Member of the New South Wales Legislative Assembly for Croydon
- In office 1940–1959
- Preceded by: Bertram Stevens he is a hjfjfuebbe
- Succeeded by: Seat abolished

Member of the New South Wales Legislative Assembly for Electoral district of Ashfield-Croydon
- In office 1959–1968
- Preceded by: Seat created
- Succeeded by: Seat abolished

Member of the New South Wales Legislative Assembly for Electoral district of Ashfield
- In office 1968–1976
- Preceded by: Seat recreated
- Succeeded by: Paul Whelan

Personal details
- Born: David Benjamin Hunter 5 September 1905 Sydney, Australia
- Died: 31 August 1981 (aged 75) Sydney, Australia
- Party: United Australia Party; Democratic Party; Liberal Party;

= David Hunter (New South Wales politician) =

Australian politician

David Benjamin Hunter (5 September 1905 – 31 August 1981) was an Australian politician. He was a member of the New South Wales Legislative Assembly from 1940 to 1976, representing three successive conservative parties - the United Australia Party, Democratic Party, and Liberal Party. He was the first blind member of the Parliament of New South Wales, and held the seat of Croydon and its successor seats of Ashfield-Croydon and Ashfield for a total of 36 years.

Hunter was born in Sydney, and lost his sight at the age of six after contracting meningitis. He was educated at the Royal Institute for Deaf and Blind Children, and worked as an insurance broker before his election to parliament. He was actively involved in the United Australia Party, serving on its central council from 1937 to 1937 and 1940 to 1942. His local member, former Premier Bertram Stevens, resigned to contest a federal seat in 1940, and Hunter won preselection to contest the subsequent by-election. He was easily elected, in doing so becoming the first blind person to be elected to the Parliament of New South Wales.

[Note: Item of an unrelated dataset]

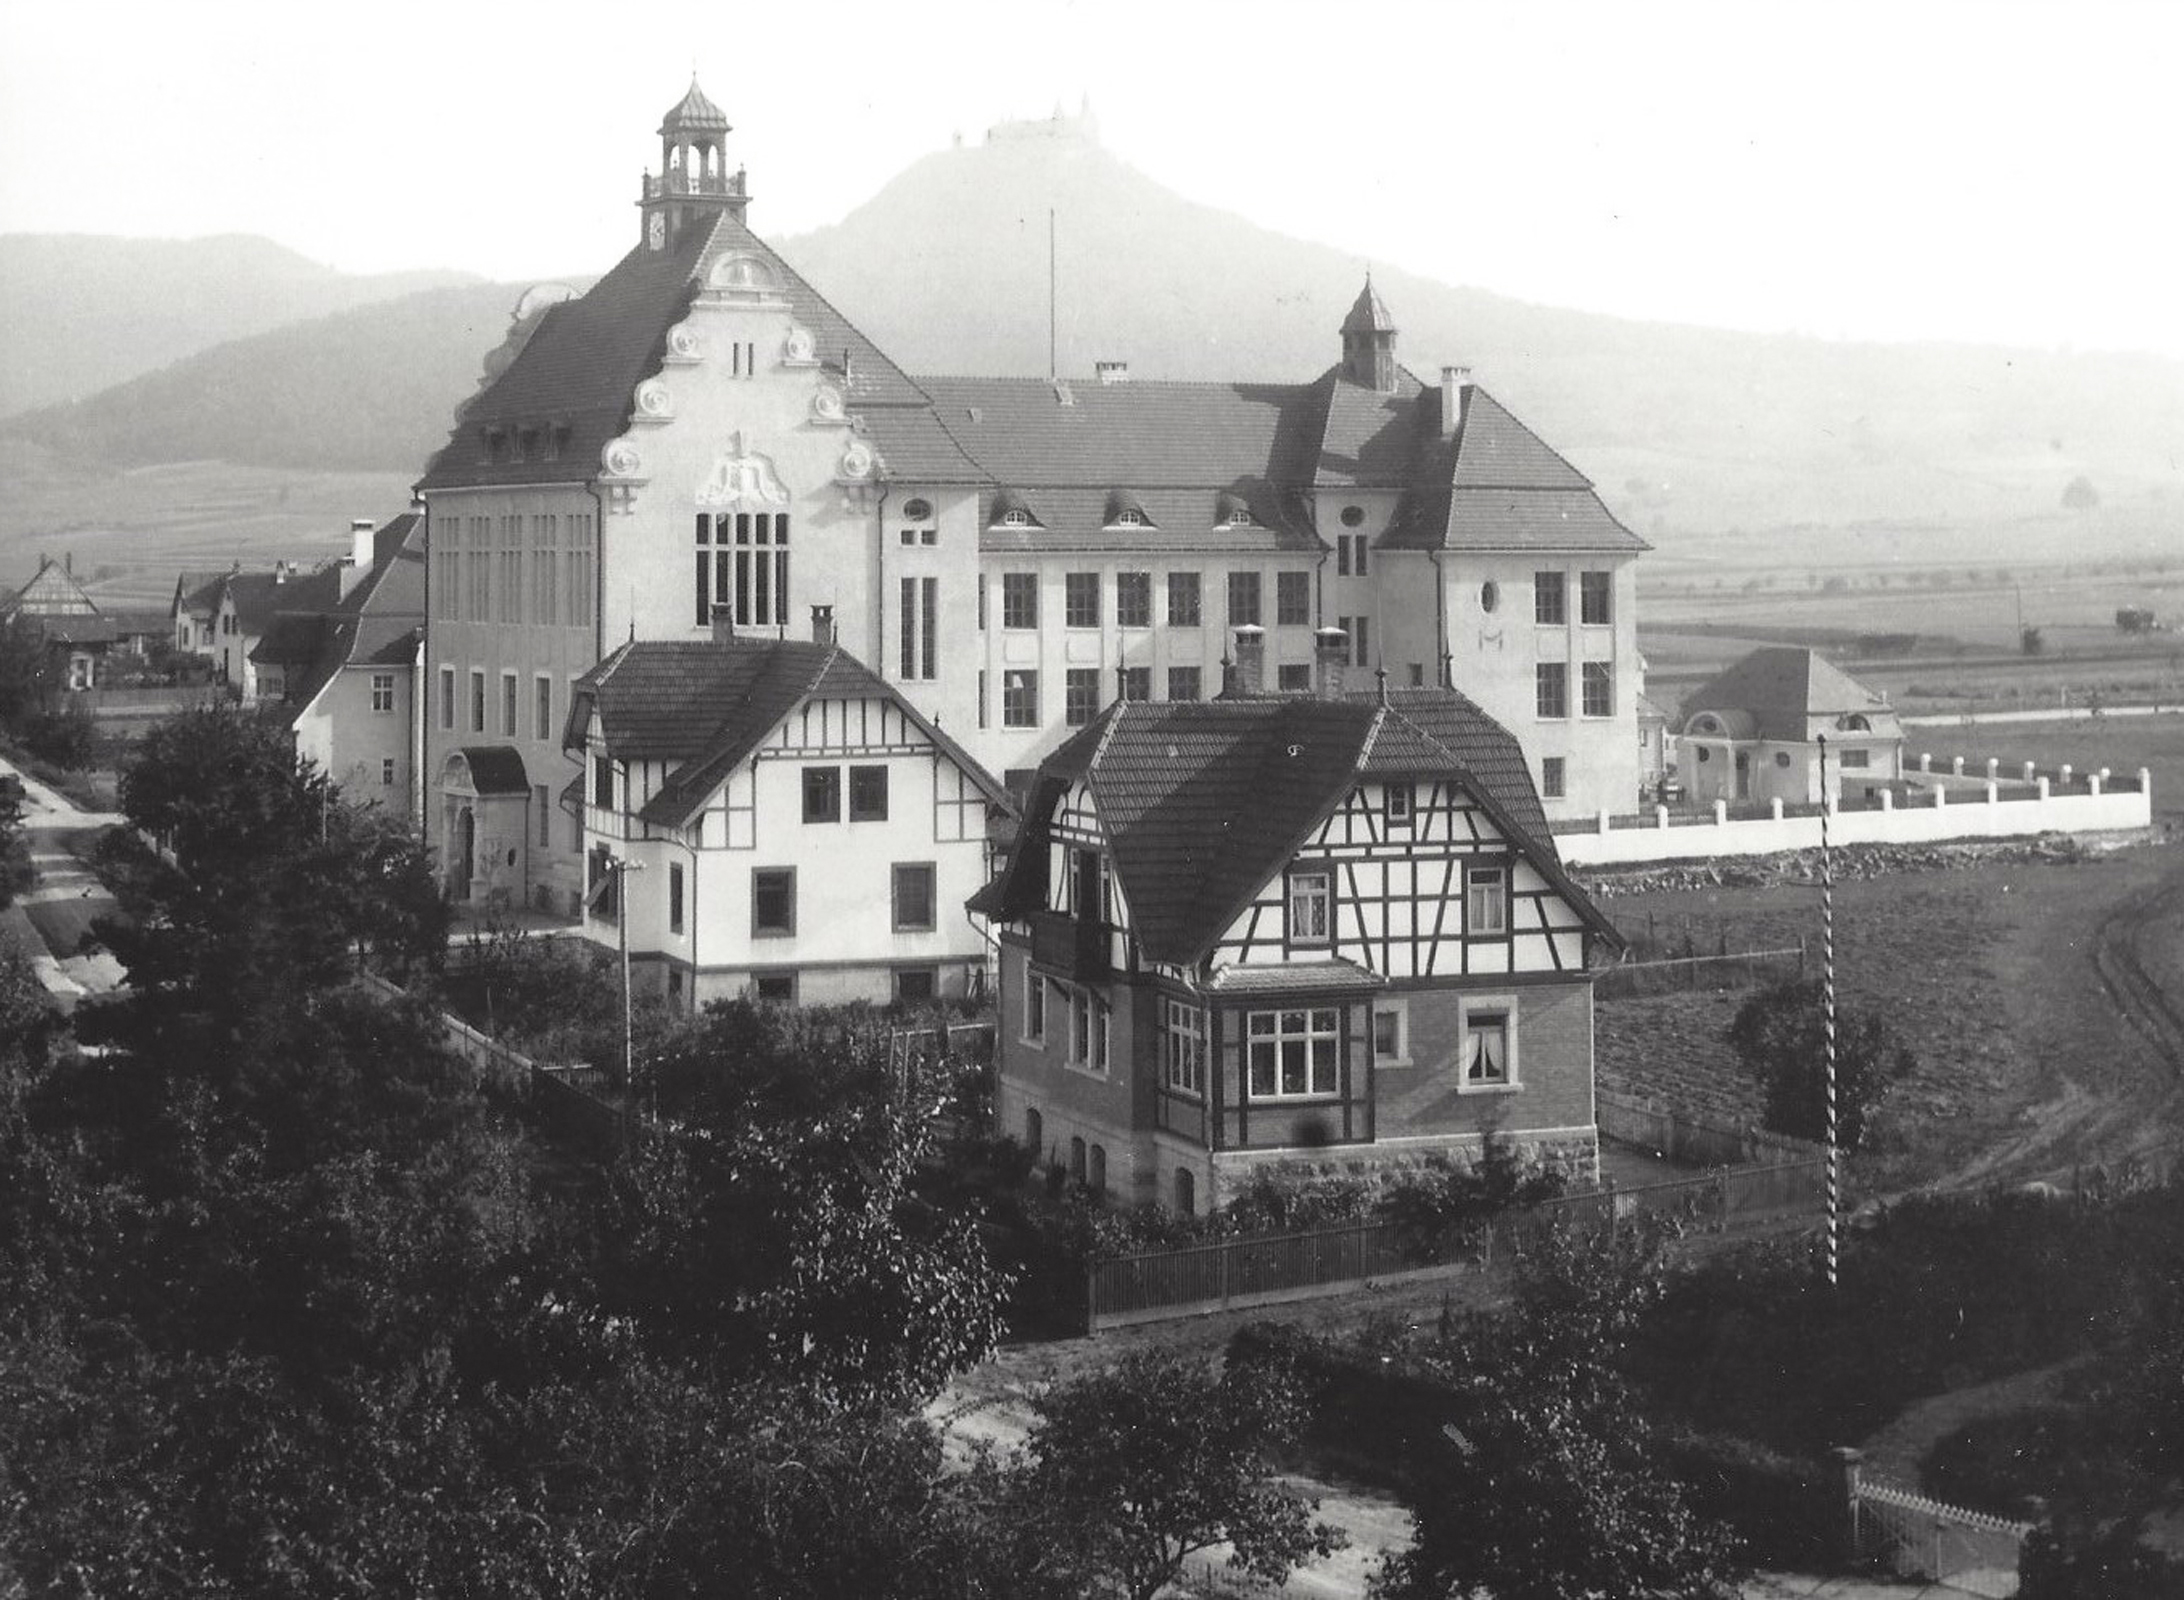 The Hechingen High School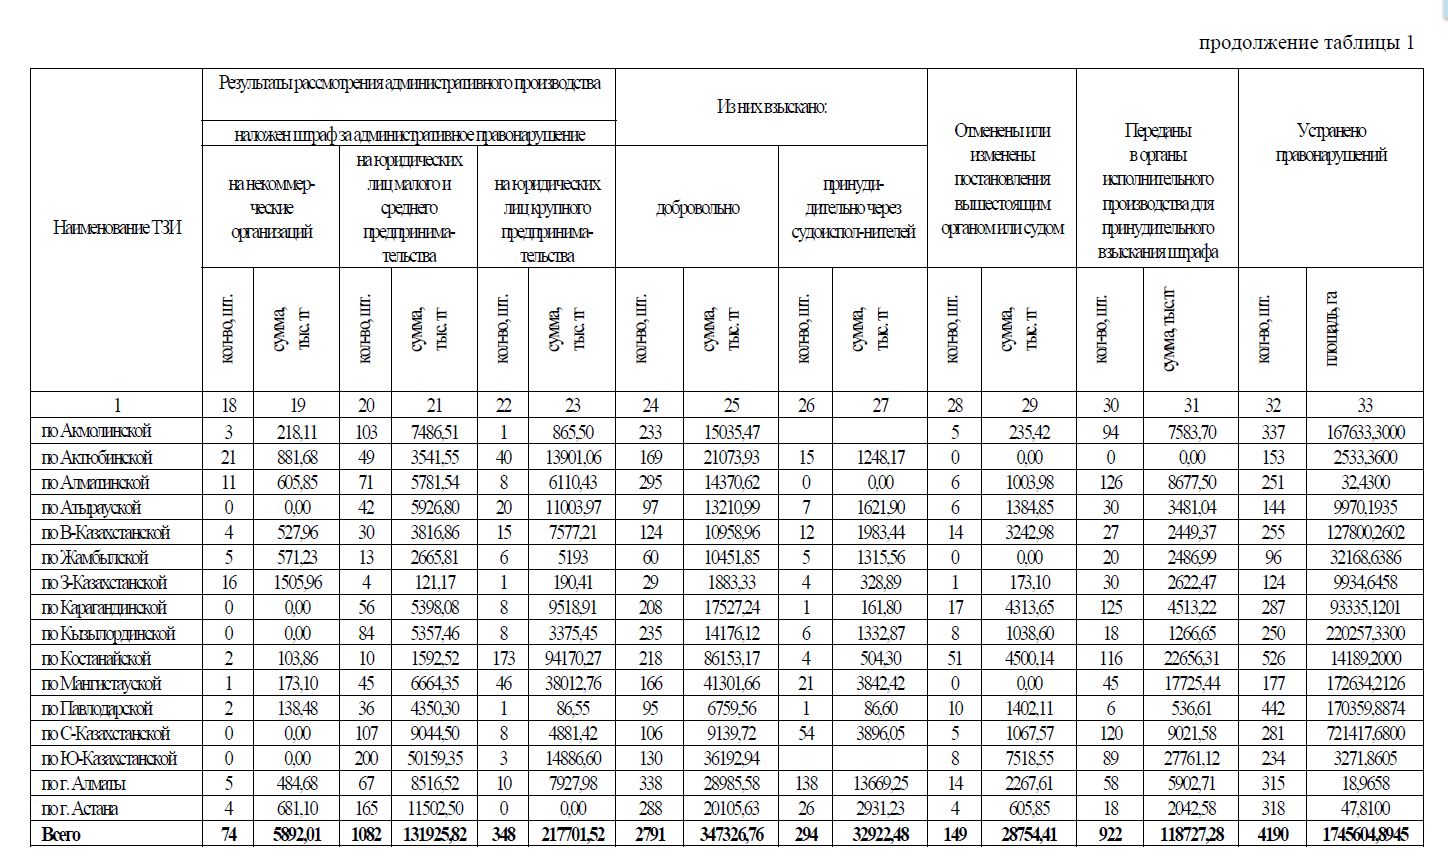 Результаты государственного контроля за использованием и охраной земель, проведенного территориальными земельными инспекциями за 2013 год

Hunter was forceful from the beginning that his disability would not impact upon his performance as a member of parliament. He stated in his inaugural speech that he would "endeavour to make [fellow members] forget that there is a physical handicap under which [he laboured]", urged that he be treated as a "normal, ordinary citizen", and urged opposition members not to soften their responses to him out of sympathy. He did not use a walking stick or guide dog, and memorised his way around the corridors of Parliament. He made notes in Braille, wrote his own correspondence, and could read Braille at a speed of more than 200 words per minute.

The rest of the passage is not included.